┌──

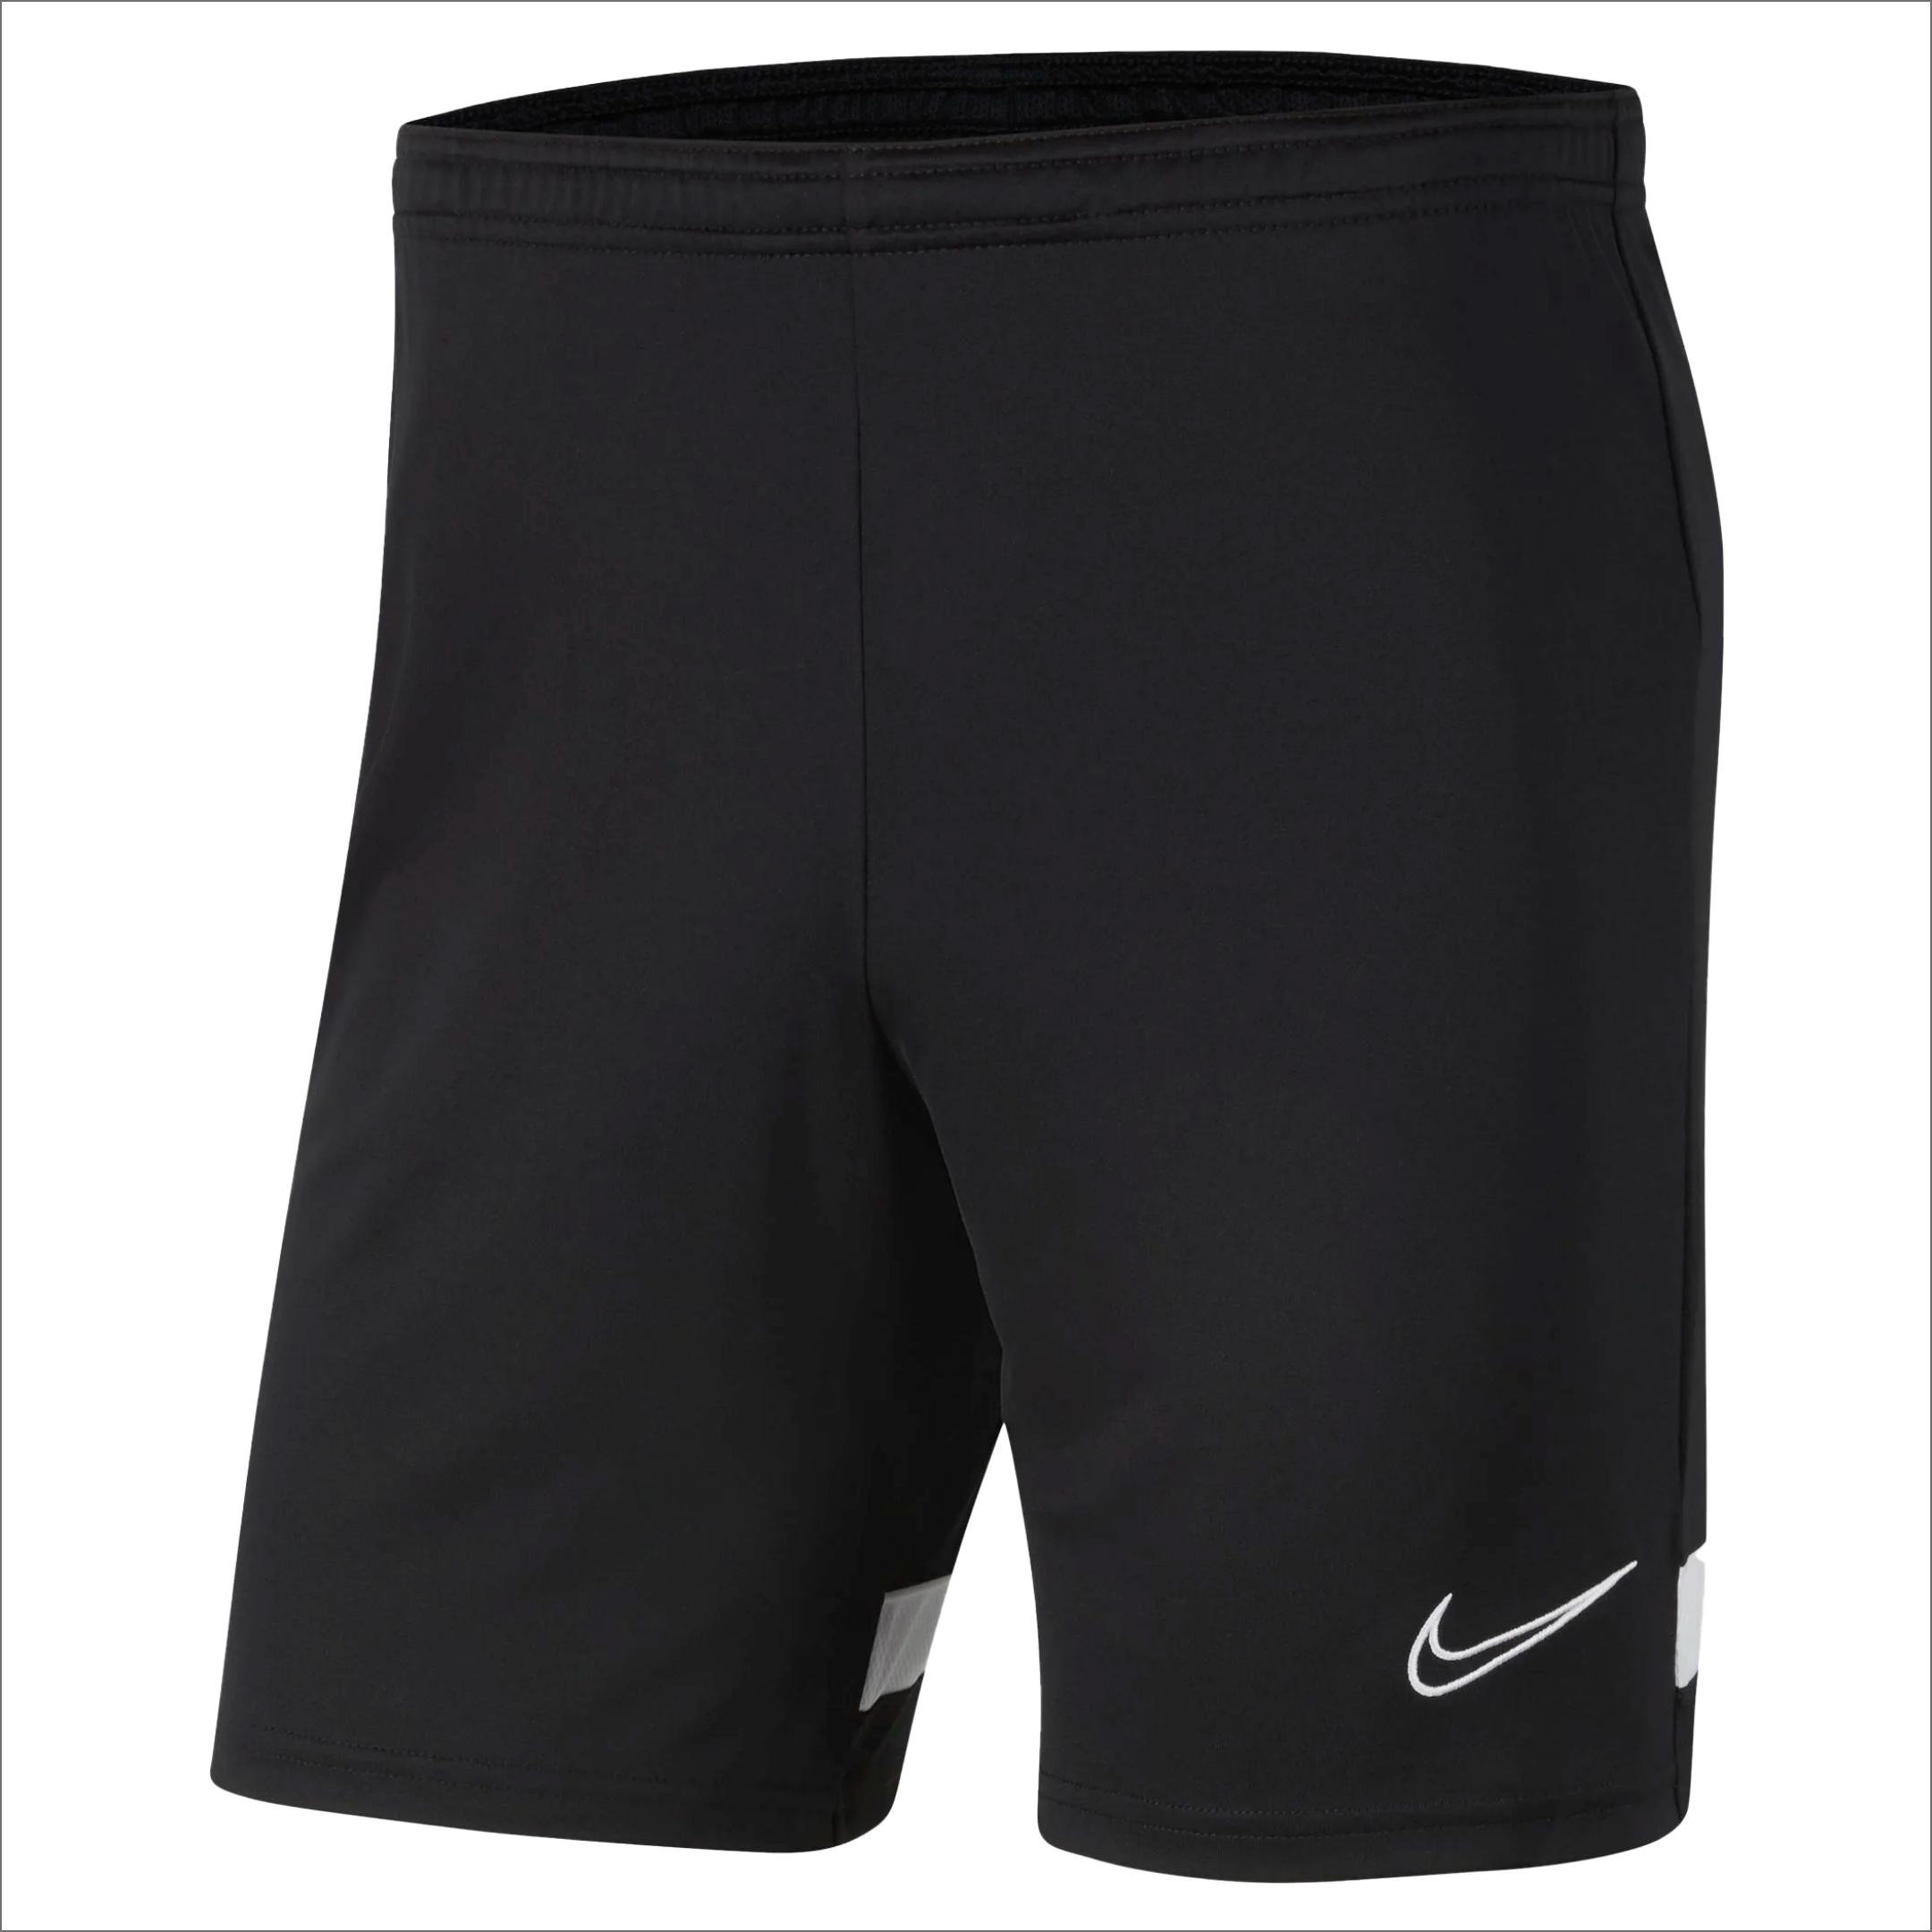 Nike shorts@2x
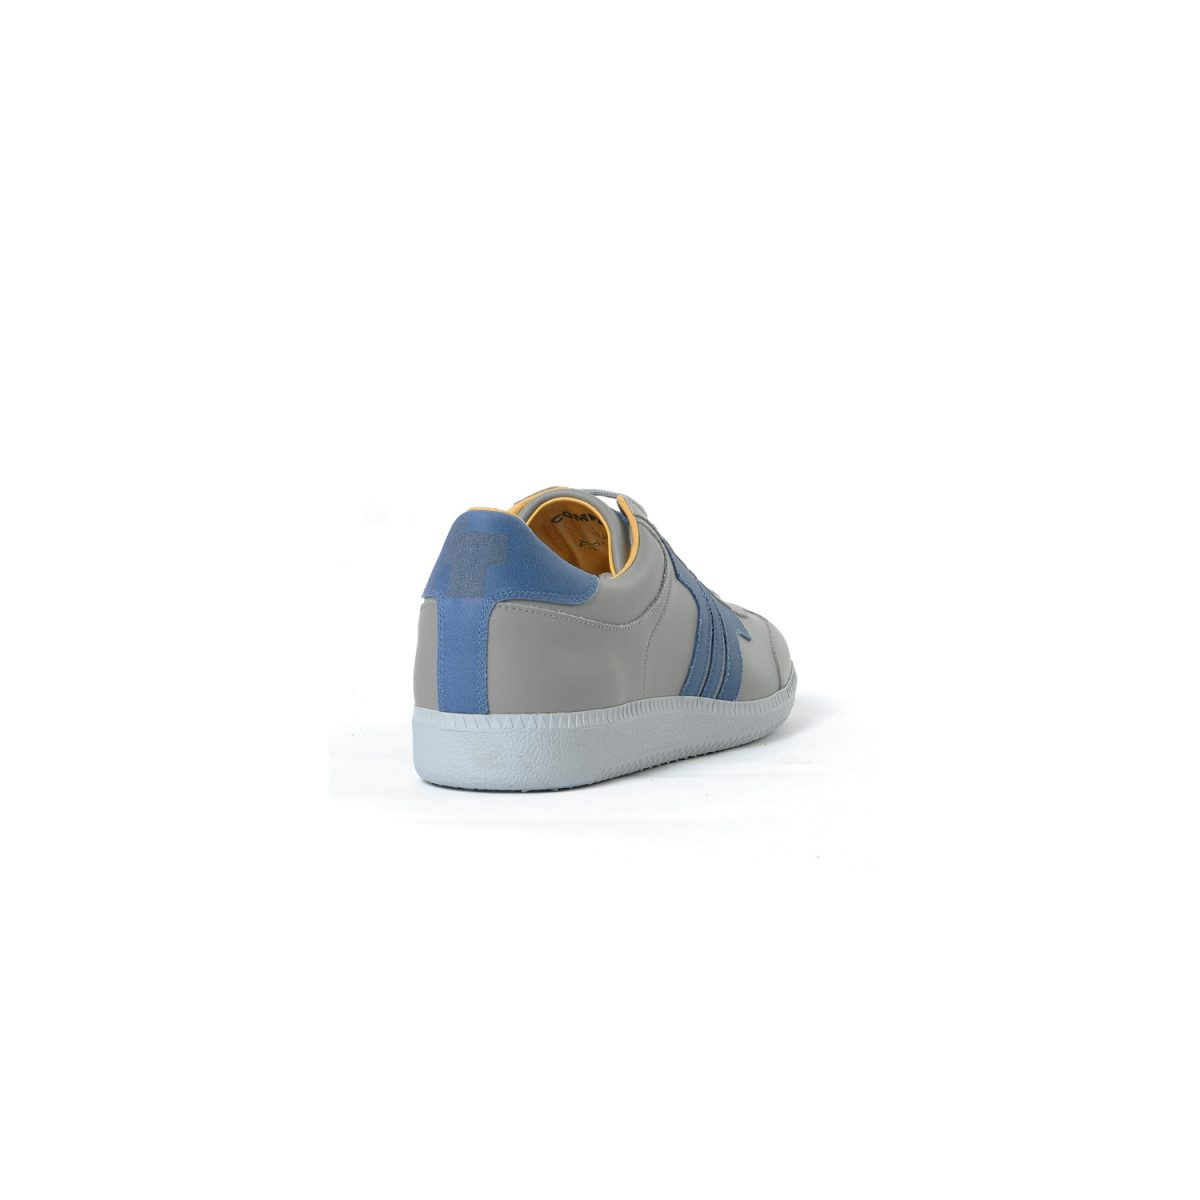 Tisza cipő - Compakt - Szürke-kék
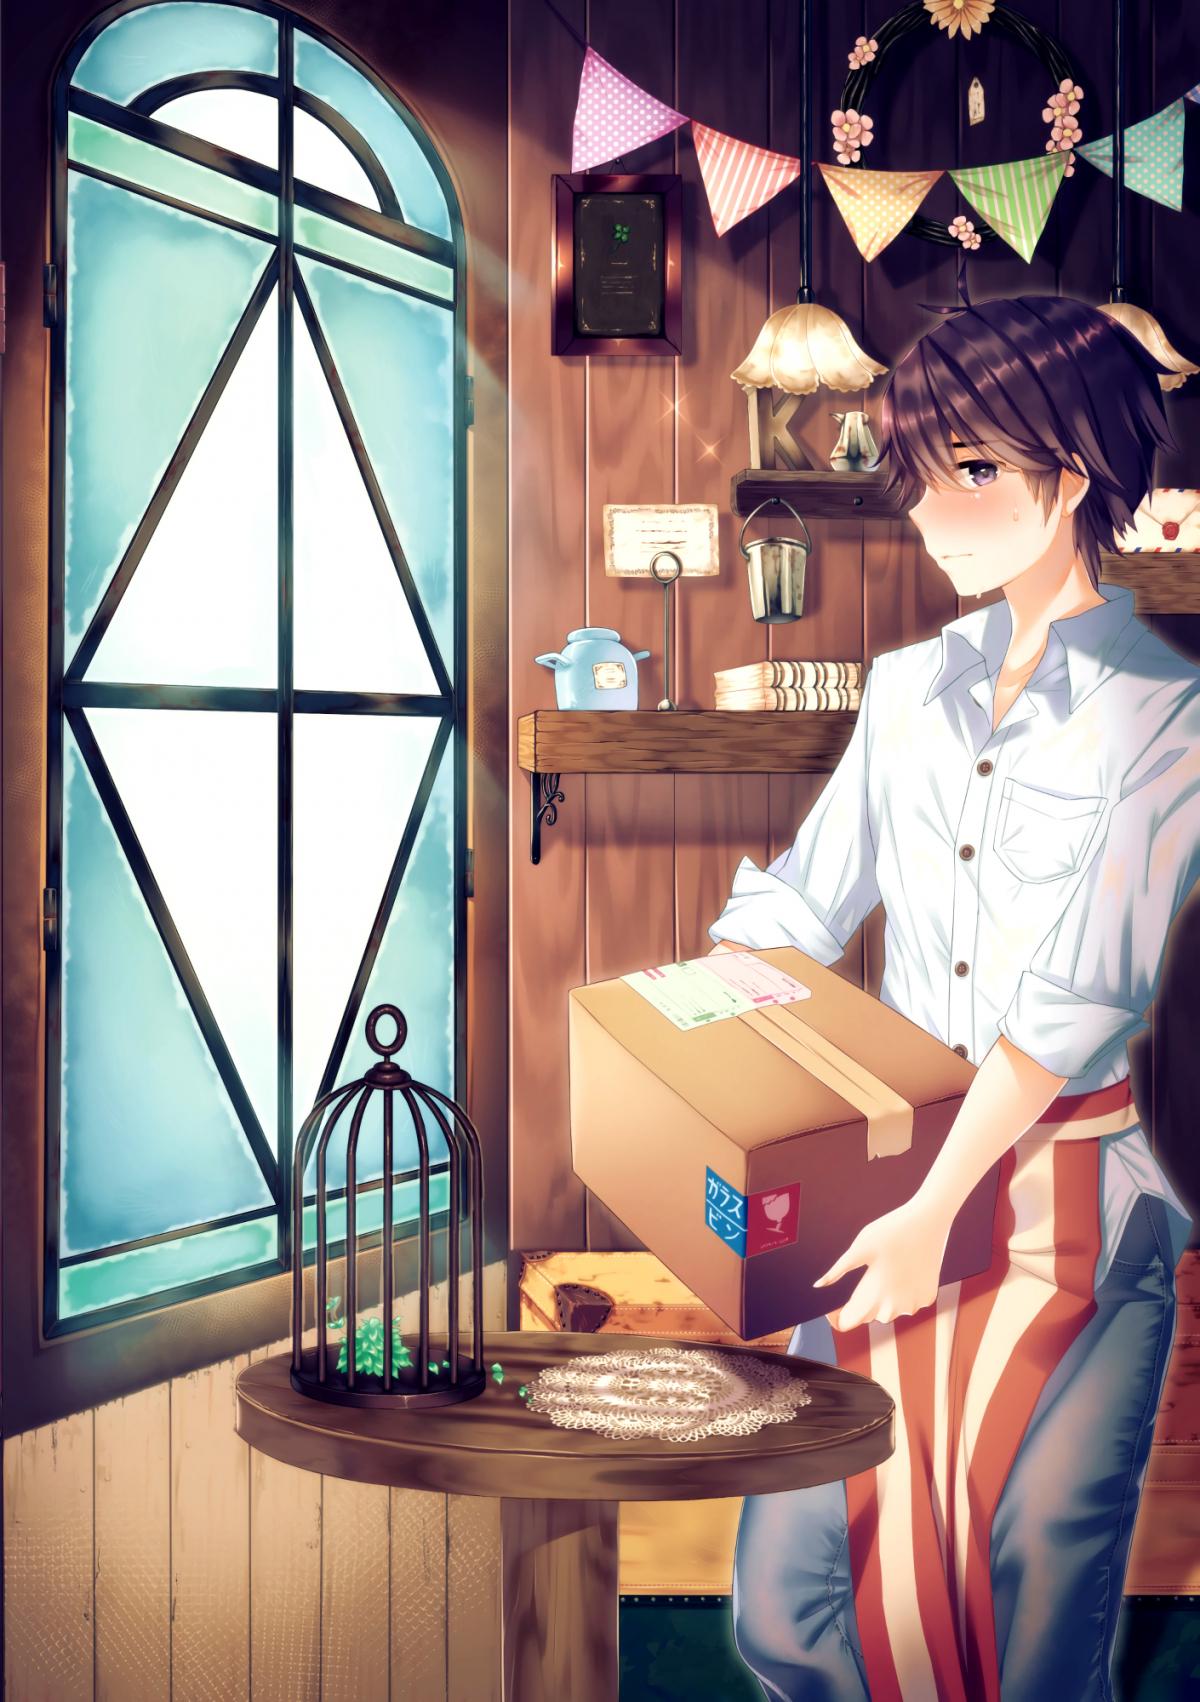 HentaiVN.net - Ảnh 20 - Pai Shota Milk - Boobies, a Shota & Milk; パイショタみるく - Oneshot

└──

What you will do:
Pictures included in the data should be dropped; everything else must be repeated exactly.

Answer box:
 Nike shorts@2x
 Tisza cipő - Compakt - Szürke-kék
 HentaiVN.net - Ảnh 20 - Pai Shota Milk - Boobies, a Shota & Milk; パイショタみるく - Oneshot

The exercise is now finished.